Bezugsquellen und Saatgut
Samen und Jungpflanzen der Goldita-Tomate sind bei vielen Saatguthändlern und Gartenmärkten erhältlich. Beispiele (nur als Orientierung):
- Garten des Lebens — samenfestes Saatgut
- Tomatenflüsterer — Erfahrungsberichte und Pflanzen
- Floragard — Pflanzeninfo
Beim Kauf auf Bio-Qualität und samenfestes Saatgut achten, wenn Sie eigene Samen gewinnen möchten.
Praxis-Tipps für Hobbygärtner
- Frühzeitig pikieren und auf ausreichende Nährstoffversorgung achten — starke Jungpflanzen tragen besser.
- Mulchen spart Wasser und reduziert Unkraut.
- Bei Gewächshauskultur regelmäßig lüften, um Pilzbefall zu reduzieren.

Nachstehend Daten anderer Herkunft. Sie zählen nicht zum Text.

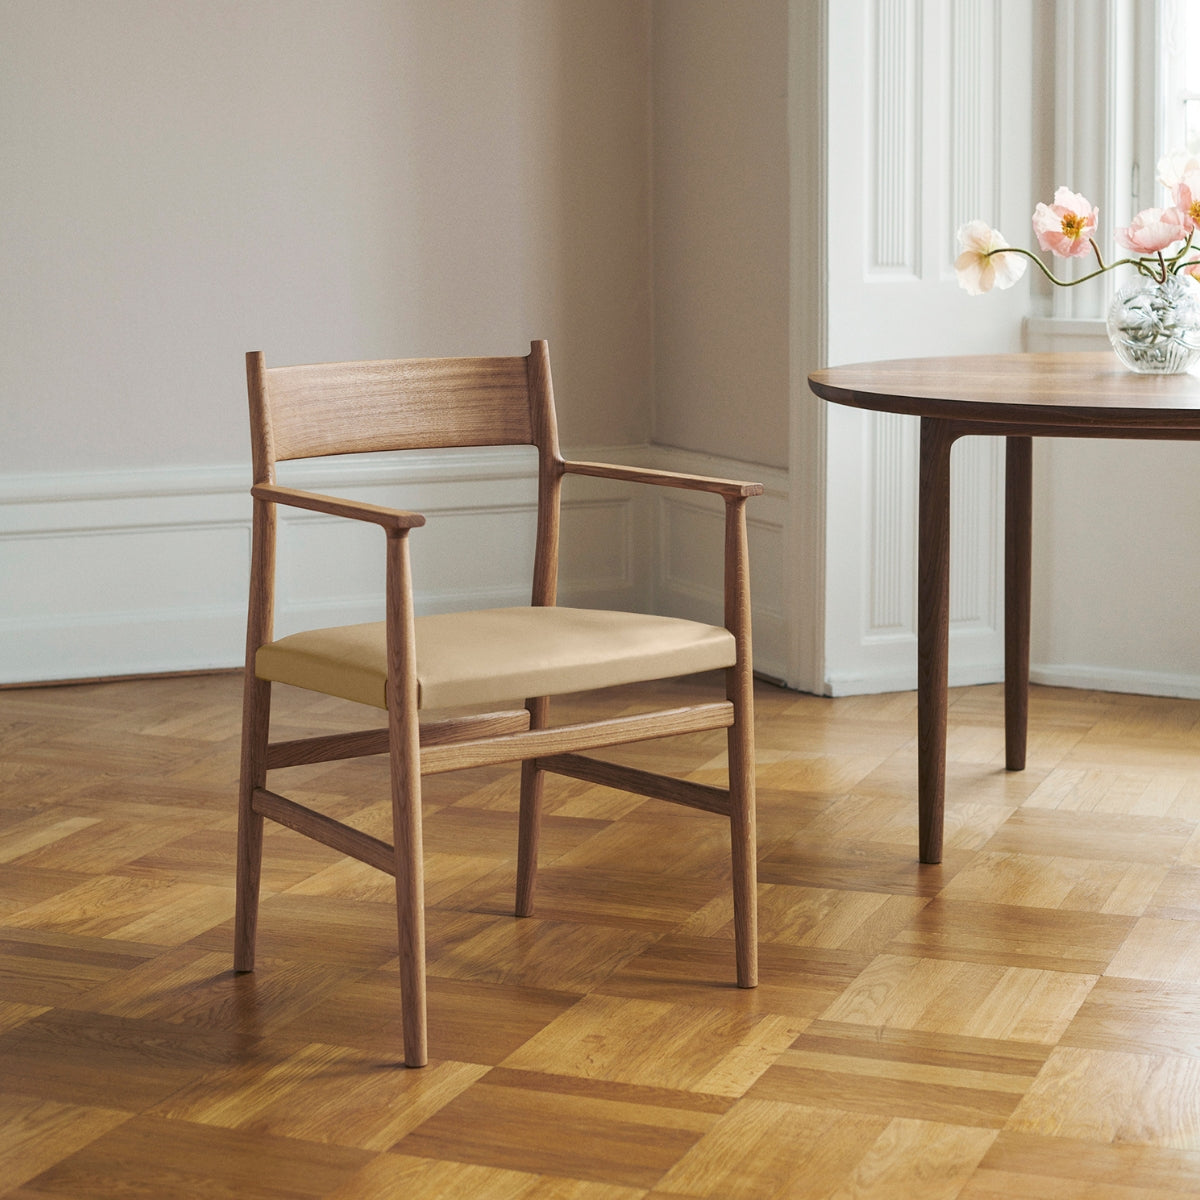 Brdr. Krüger | Arv Chair With Armrest, Solid Backrest - Weaved Seat - Bolighuset Werenberg

- Ernte in mehreren Durchgängen; unreife Früchte reifen bei Zimmertemperatur nach.
Fazit
Die Goldita-Tomate ist eine empfehlenswerte Sorte für Gärtner, die eine früh reifende, sehr ertragreiche orange Cocktailtomate suchen. Mit etwas Stütz- und Pflegeaufwand liefert sie über lange Zeit schmackhafte Früchte — ideal für Frischverzehr und vielseitige Küche. Probieren Sie Goldita, wenn Sie Farbe und Süße in Ihren Garten bringen möchten.